_About this exercise_.
Once the line containing "Vintage Indian Dhurrie" is found in the material below, it and every line after it should be transcribed exactly, with pictures left out and nothing added.

_Source data_.
§ §

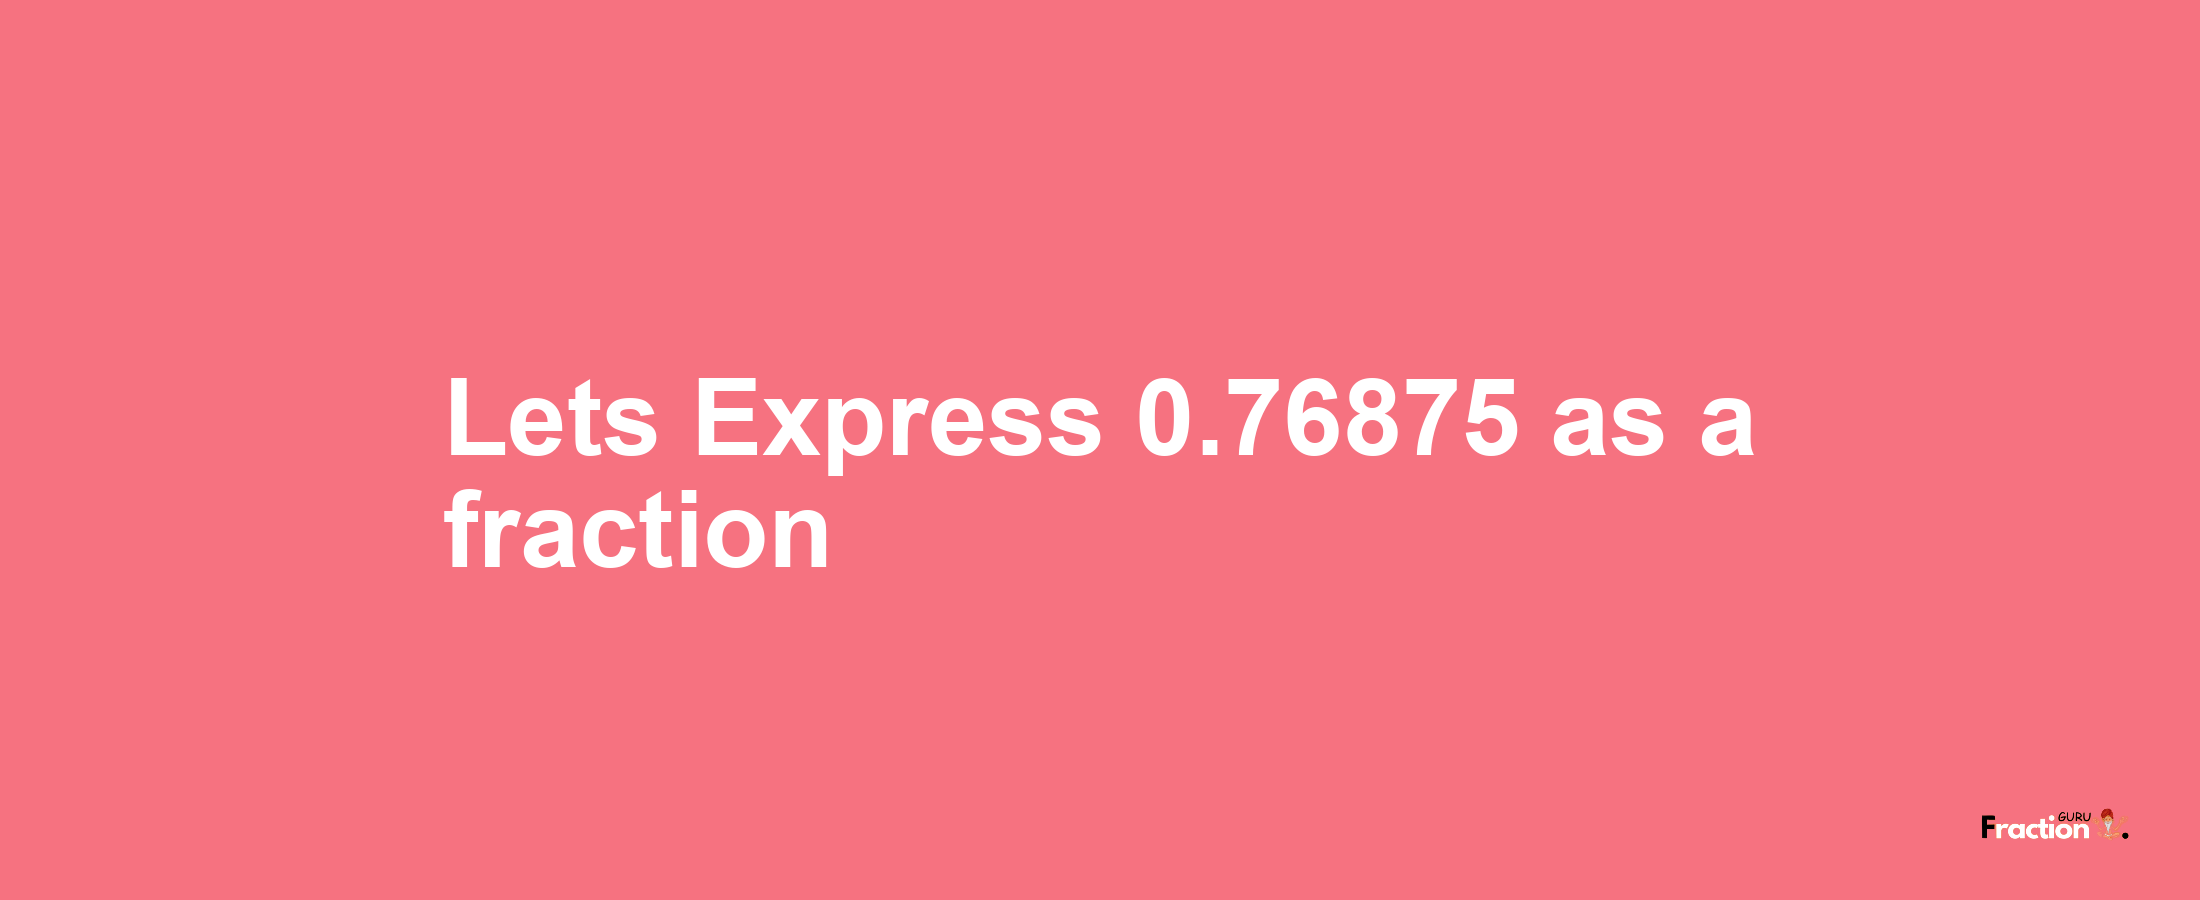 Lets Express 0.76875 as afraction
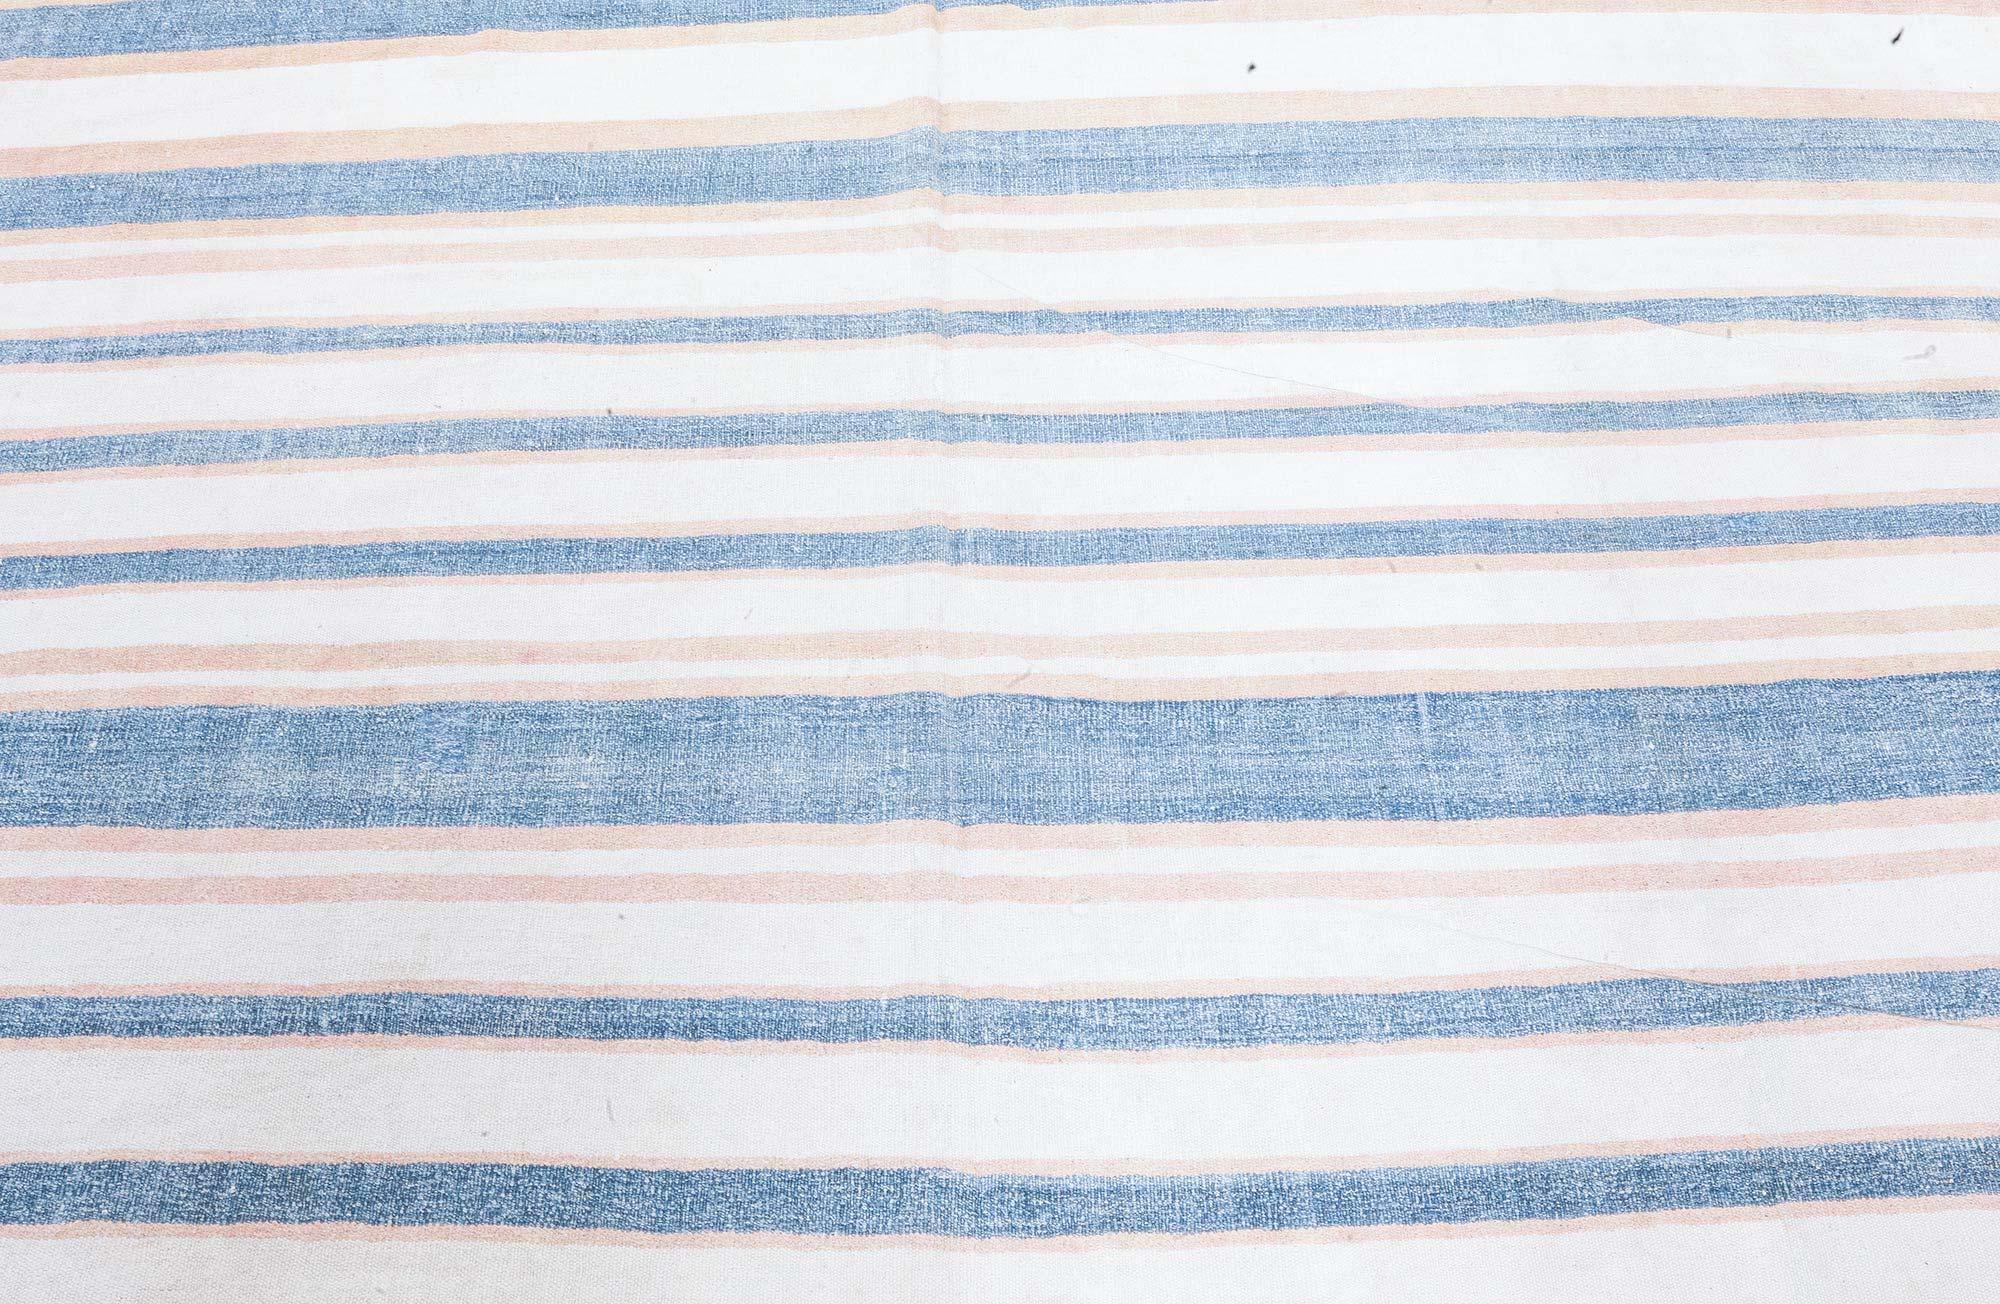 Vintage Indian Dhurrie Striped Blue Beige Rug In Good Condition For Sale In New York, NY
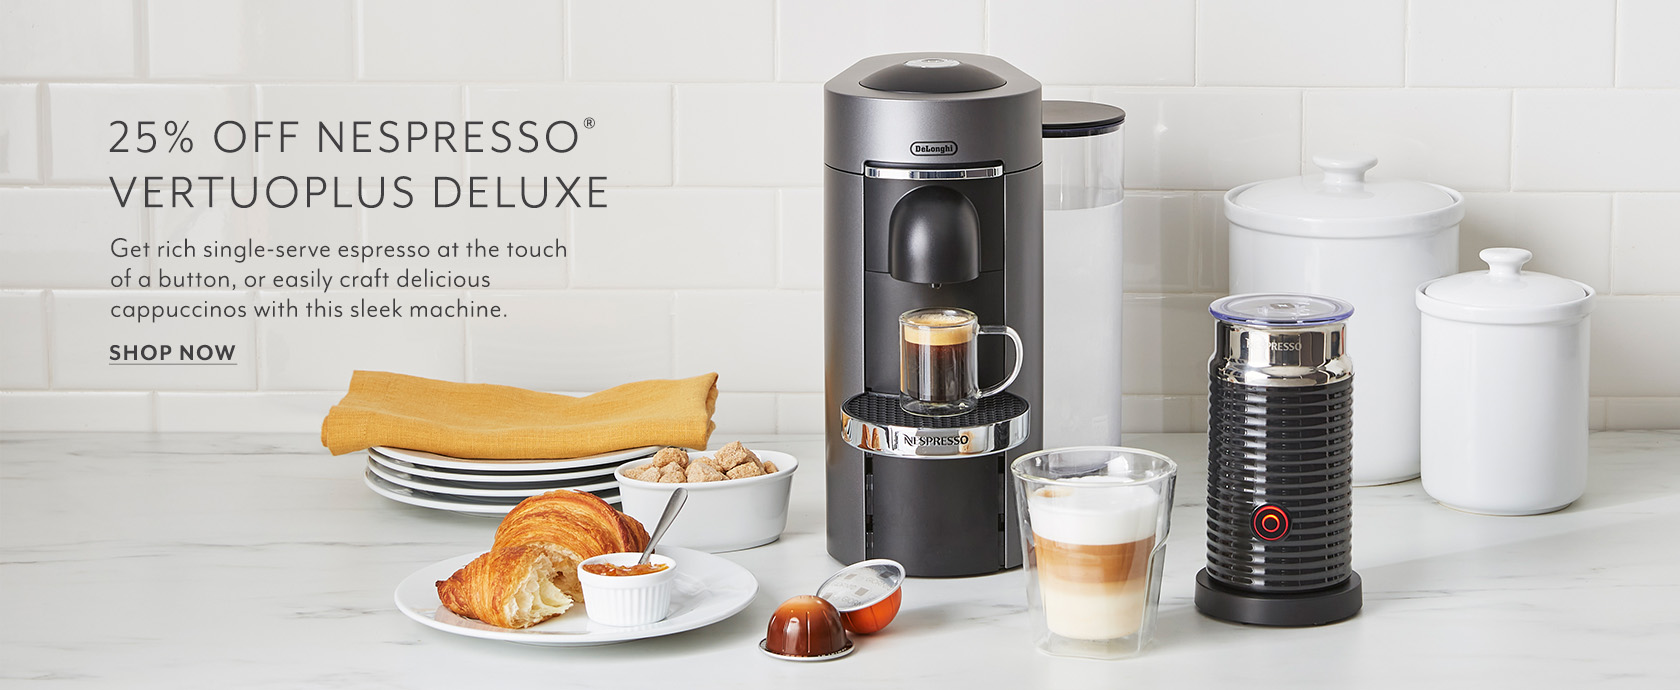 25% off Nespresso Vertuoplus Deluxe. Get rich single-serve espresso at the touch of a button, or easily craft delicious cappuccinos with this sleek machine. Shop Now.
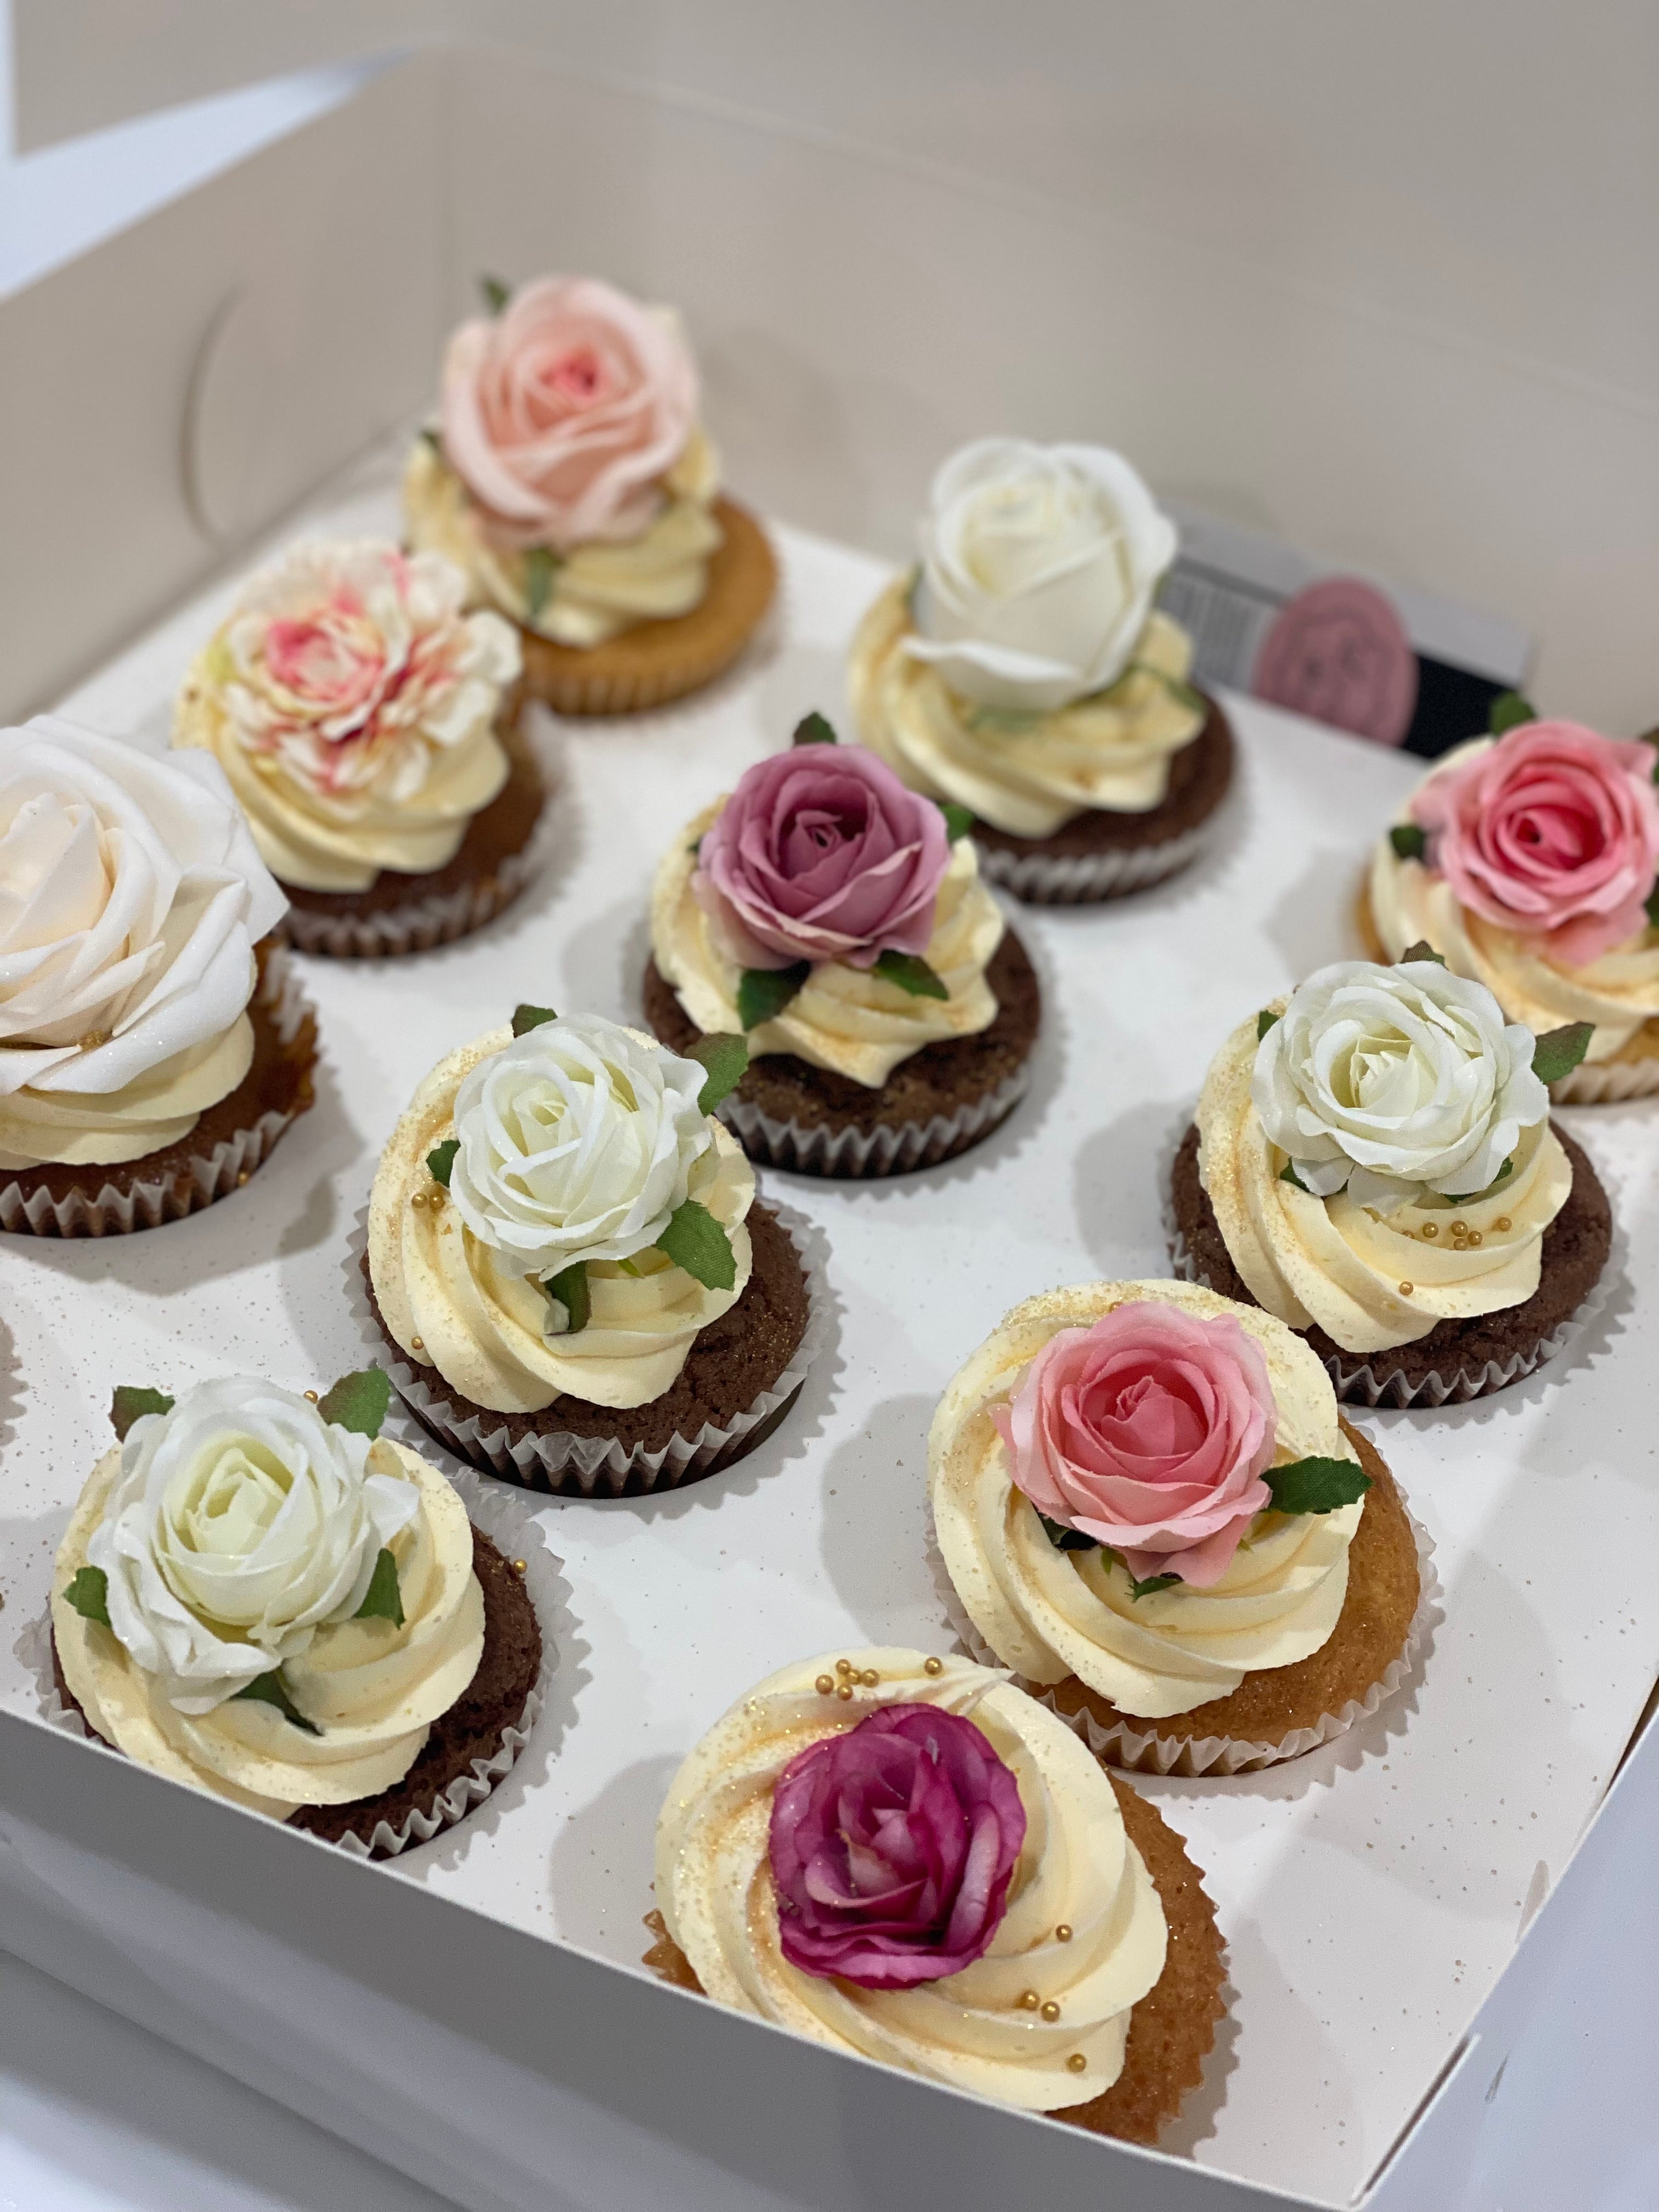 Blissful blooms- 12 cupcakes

§ §

_Task result_.
 Vintage Indian Dhurrie Striped Blue Beige Rug In Good Condition For Sale In New York, NY
 25% off Nespresso Vertuoplus Deluxe. Get rich single-serve espresso at the touch of a button, or easily craft delicious cappuccinos with this sleek machine. Shop Now.
 Blissful blooms- 12 cupcakes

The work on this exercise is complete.